All in all, the coming year will see much more disruption than might be apparent at first because the shift to open banking, starting in the UK, is what will drive the reshaping of the sector while at the same time the advance of AI into the transaction space (transactions of all types, from buying a train ticket to selling corporate bonds) begins to reshape the way we do business.

Our live five for 2017

It’s that time of year again. No matter how much I complain that silly lists of what will be big in the New Year are trivial and superficial and not really representative of a more detailed analysis of key trends… I still feel I have to annoy my colleagues at Consult Hyperion into giving me a few ideas so that I can surf the end of year blog wave.

Goodbye 2016

Here we go then. As for the last few years, I’ve put together a “live five” of technology-driven changes in the secure transactions field that will have a real business impact over the coming year. But first, in the spirit of openness and honesty and disclosure that we are known for, I think it’s not right to bother you with this kind of thing without first assessing how we did last time so that you can judge whether to pay any attention to this year’s list or not! So let’s see how our live five for 2016 did:

  1. Amazonisation. We got this one right. The focus on APIs increased through the year and not only for the interfaces to 3rd parties but also as a mechanism for restructuring internal processes and operations.

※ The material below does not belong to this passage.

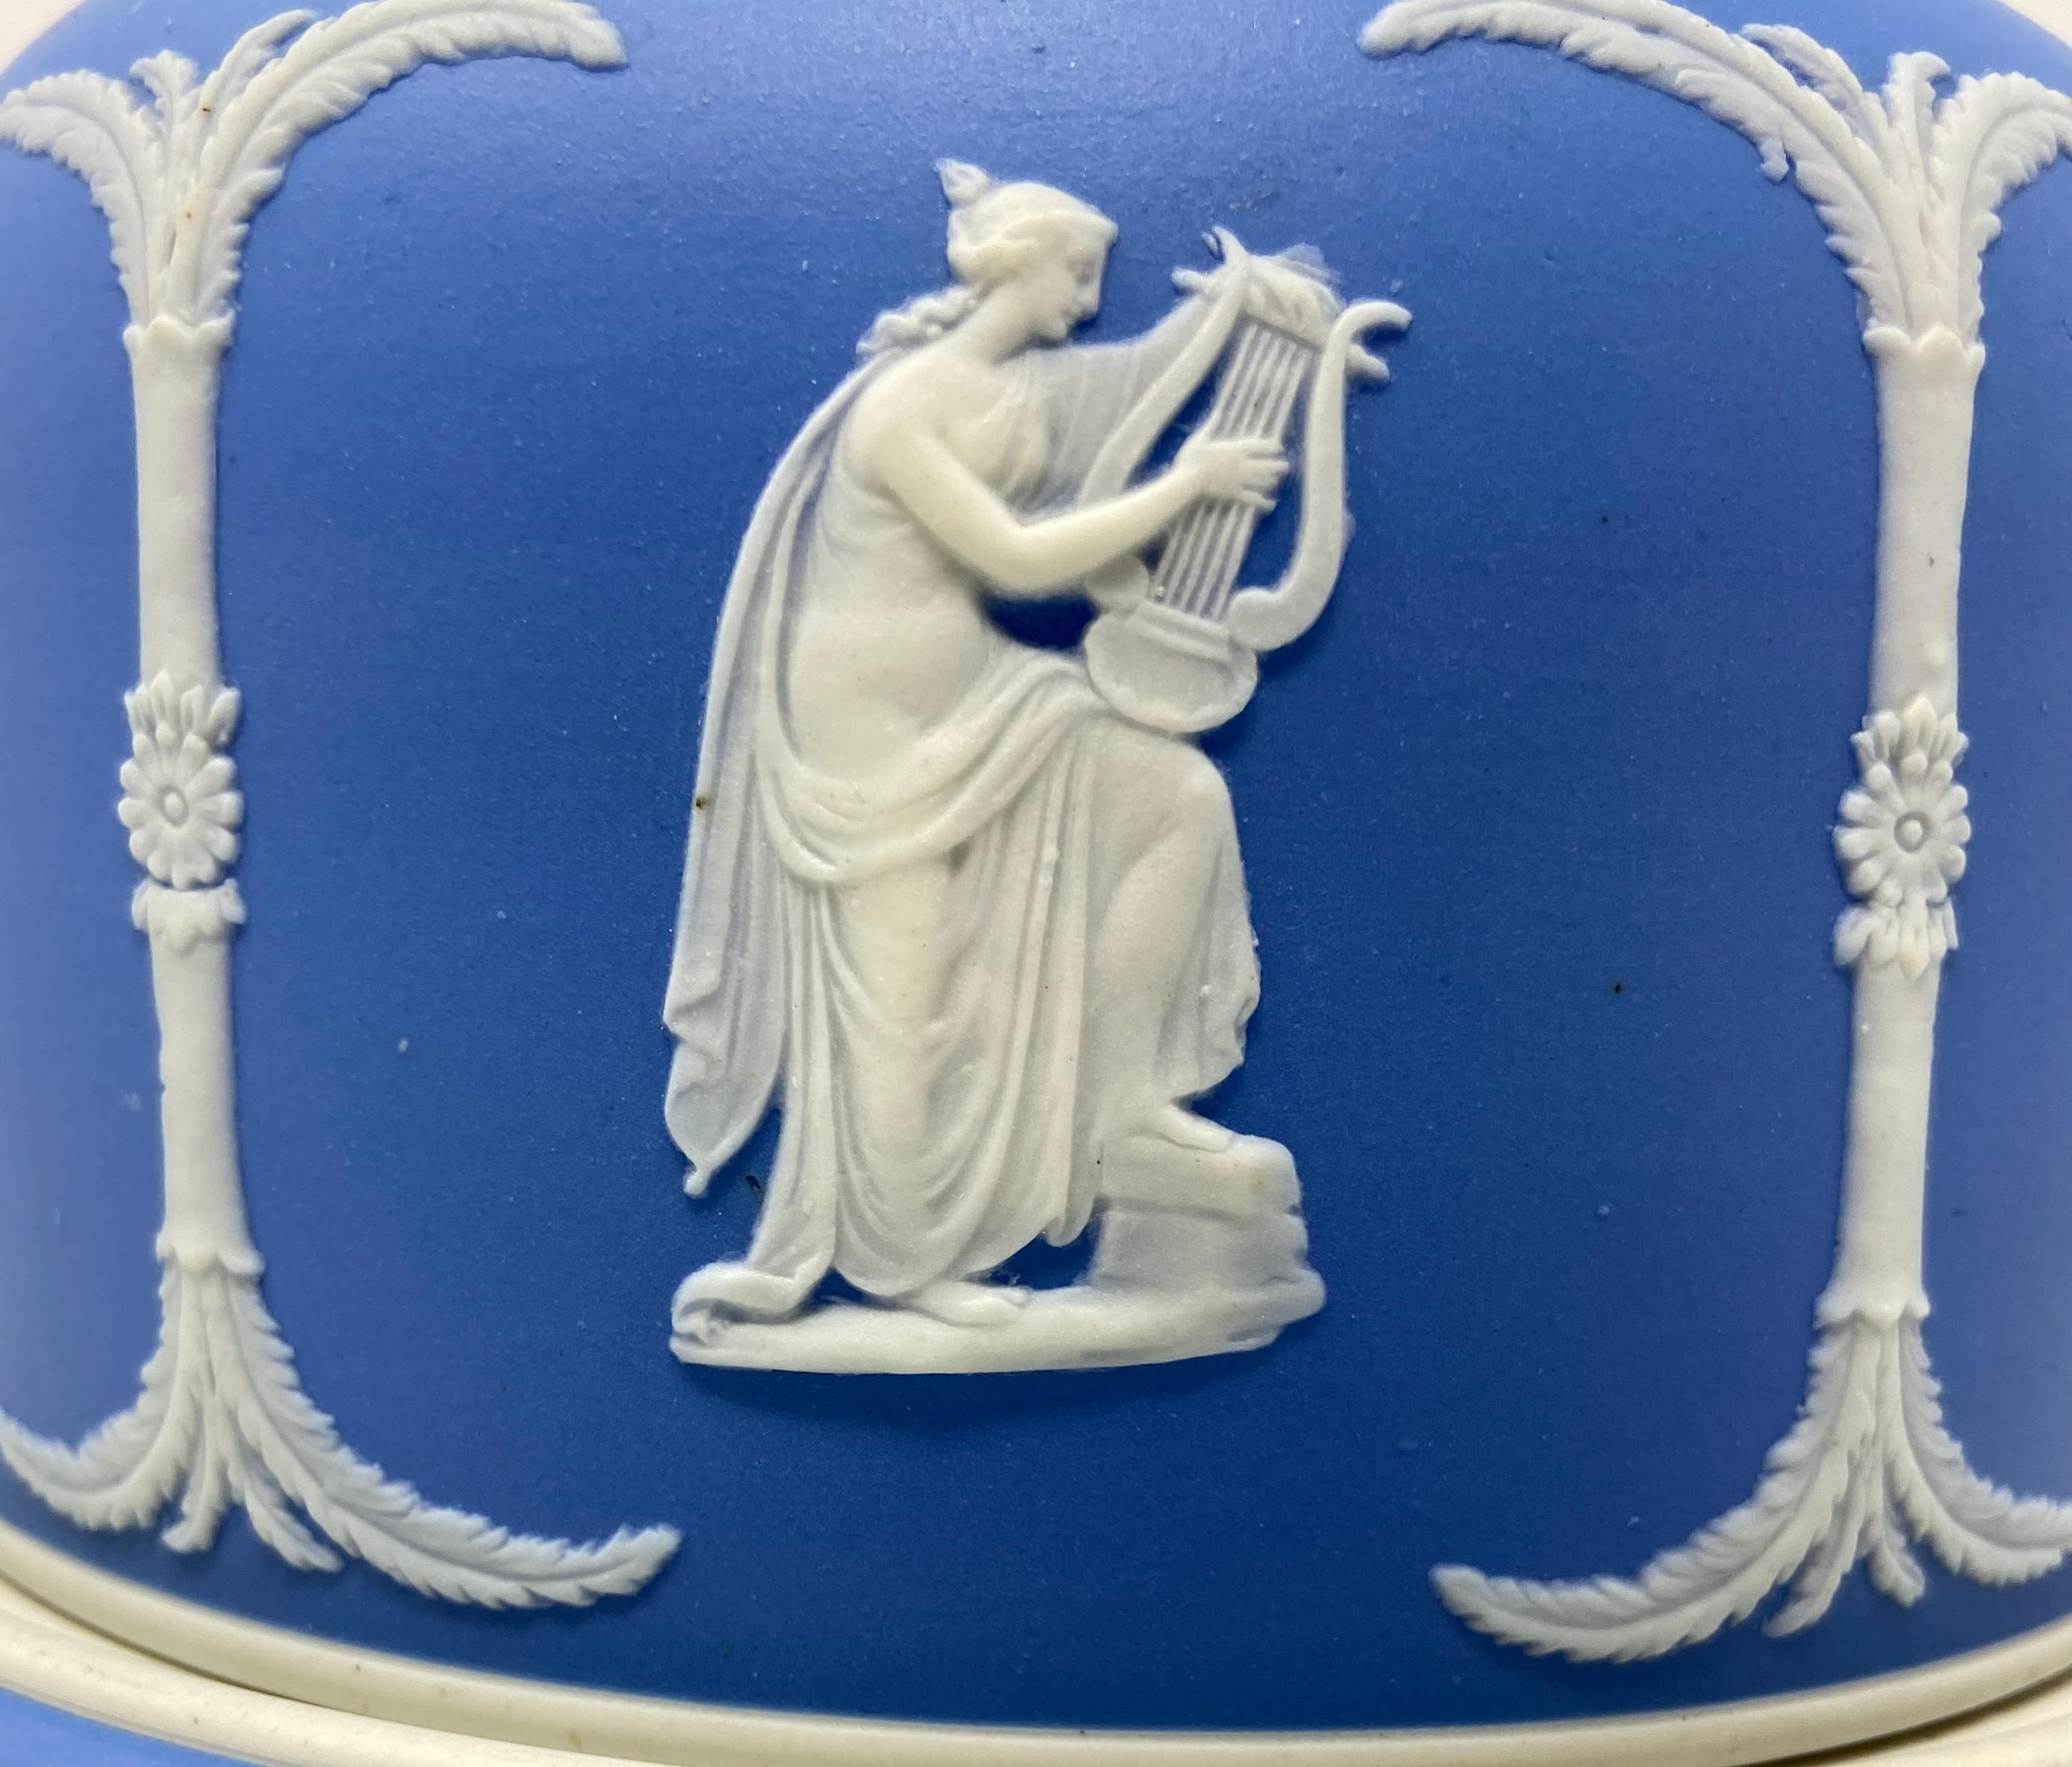 Antique English Wedgwood Blue & White Porcelain Cheese Dish and Cover Circa 1900 7
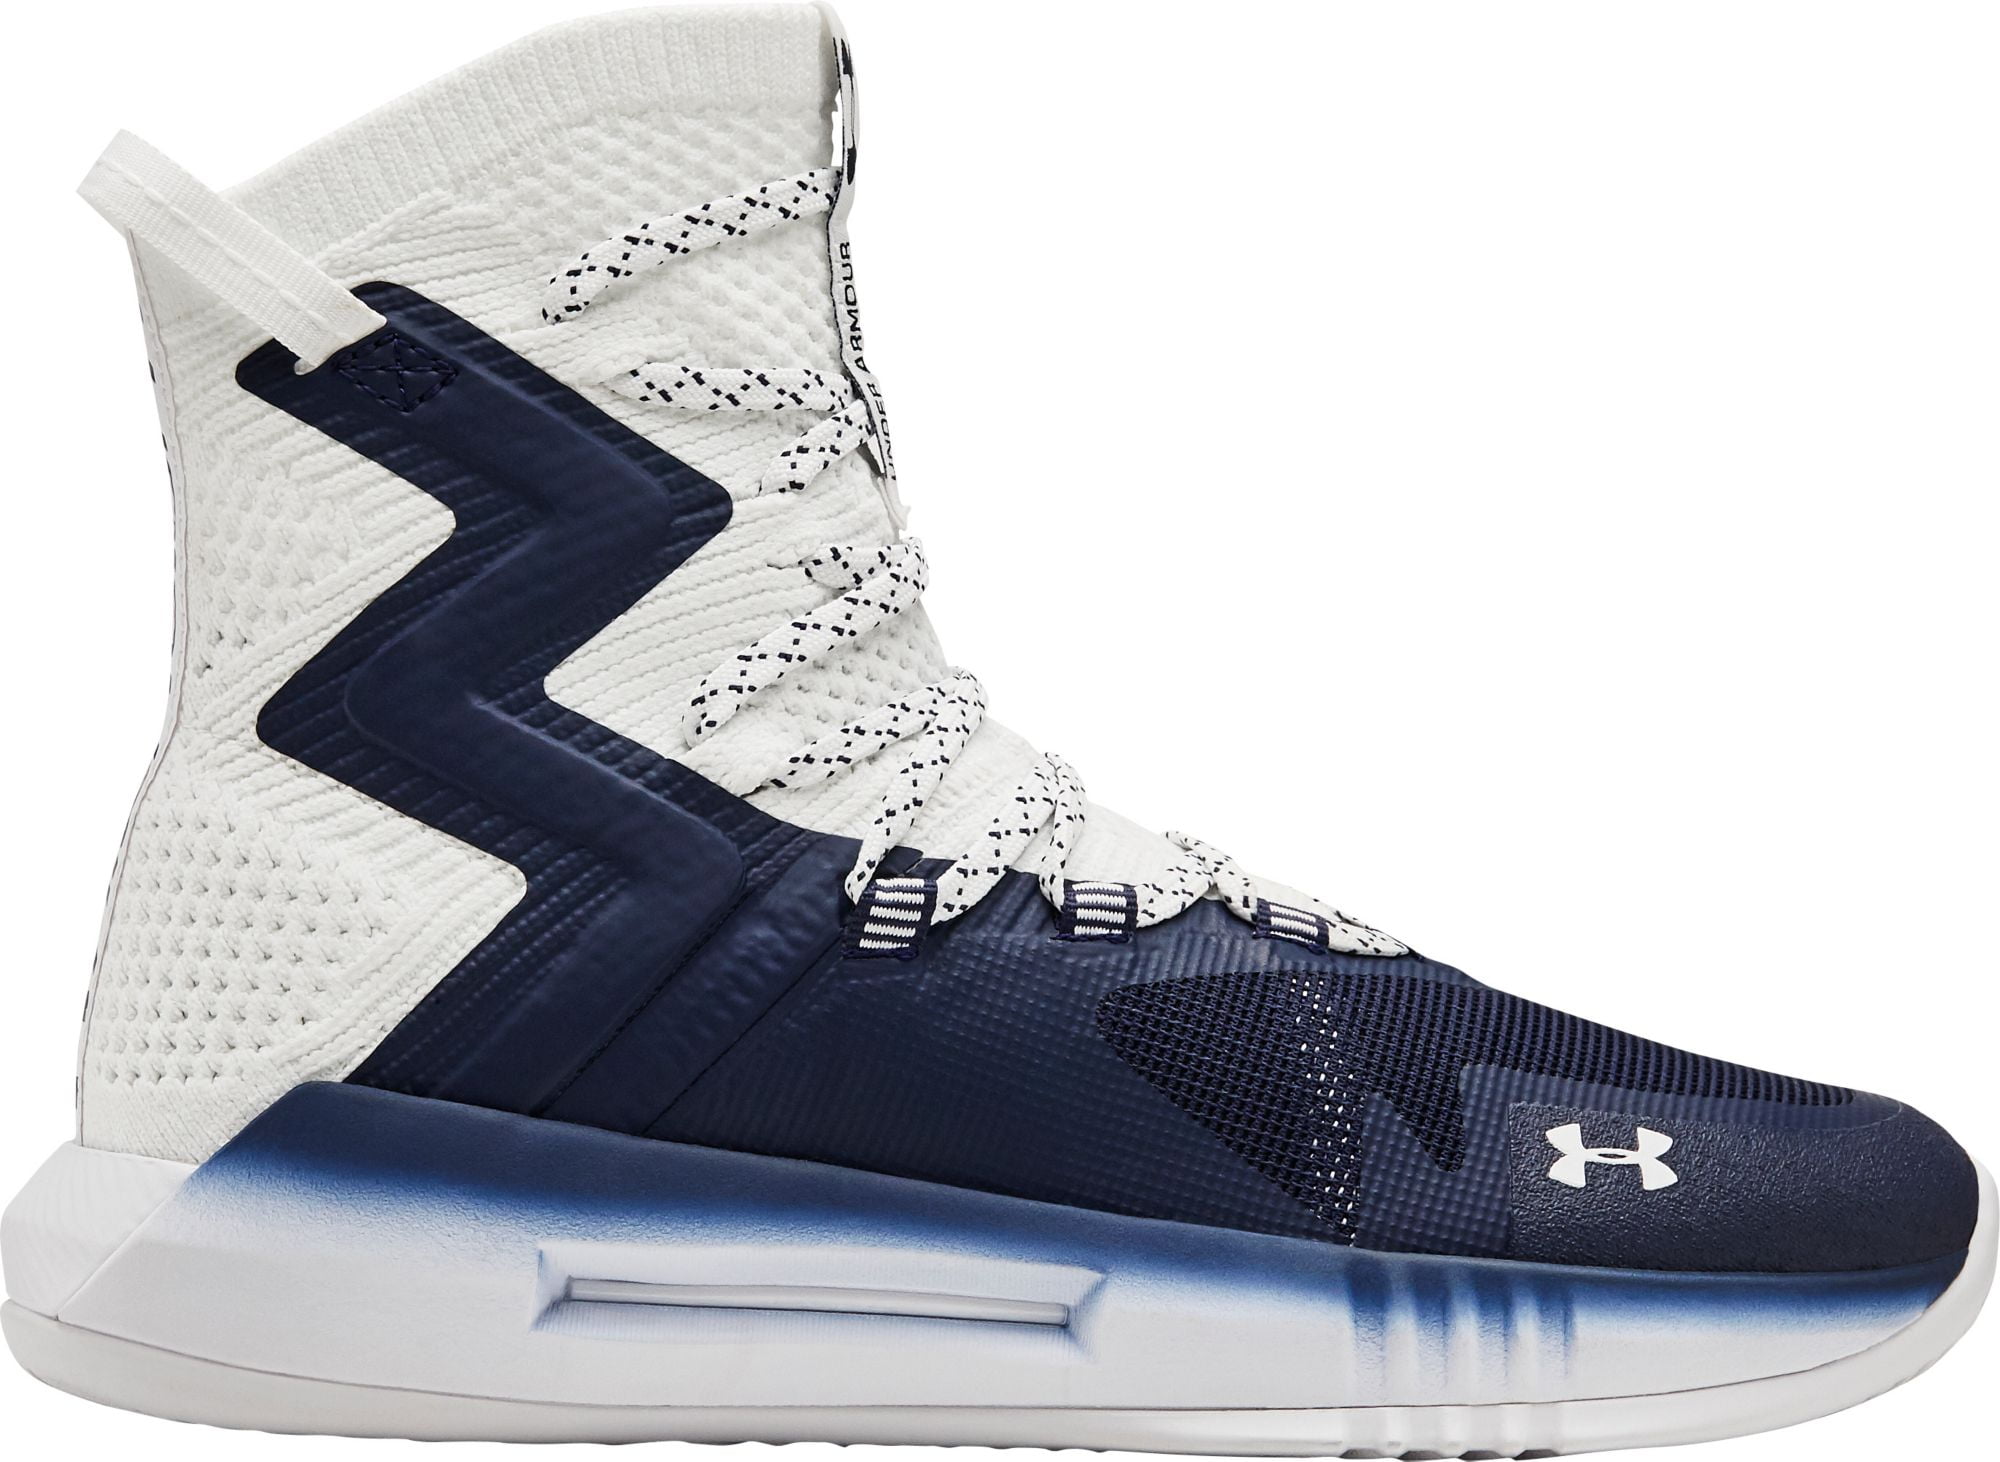 under armour highlight ace 2.0 volleyball shoe

    the more far thinking will be re-engineering their businesses to develop a whole bunch of APIs outside of PSD2 and will be working out the business models behind opening them out to developers and businesses.

    From Open Banking APIs: Threat and Opportunity | Consult Hyperion

    It’s been really interesting see how the bank (in particular) attitudes to the priority and scope of API strategies has evolved over the year.

  2. Mobile ID and Authentication. Again, largely correct. The European Directive on Strong Customer Authentication (SCA) means that banks and other financial services organisations have had to up their game and make significant investments in improving their authentication methods. For most, this has meant moving to solutions that somehow involve the mobile phone. The impact of the NIST report on 2FA (which said that one-time password sent by text message can no longer be considered a secure authentication method) has yet to be felt, but the shift to more sophisticated and comprehensive mobile identity solutions is underway.

    The NIST guideline goes on to talk about using push notifications to applications on smart phones, which is how we think it should be done.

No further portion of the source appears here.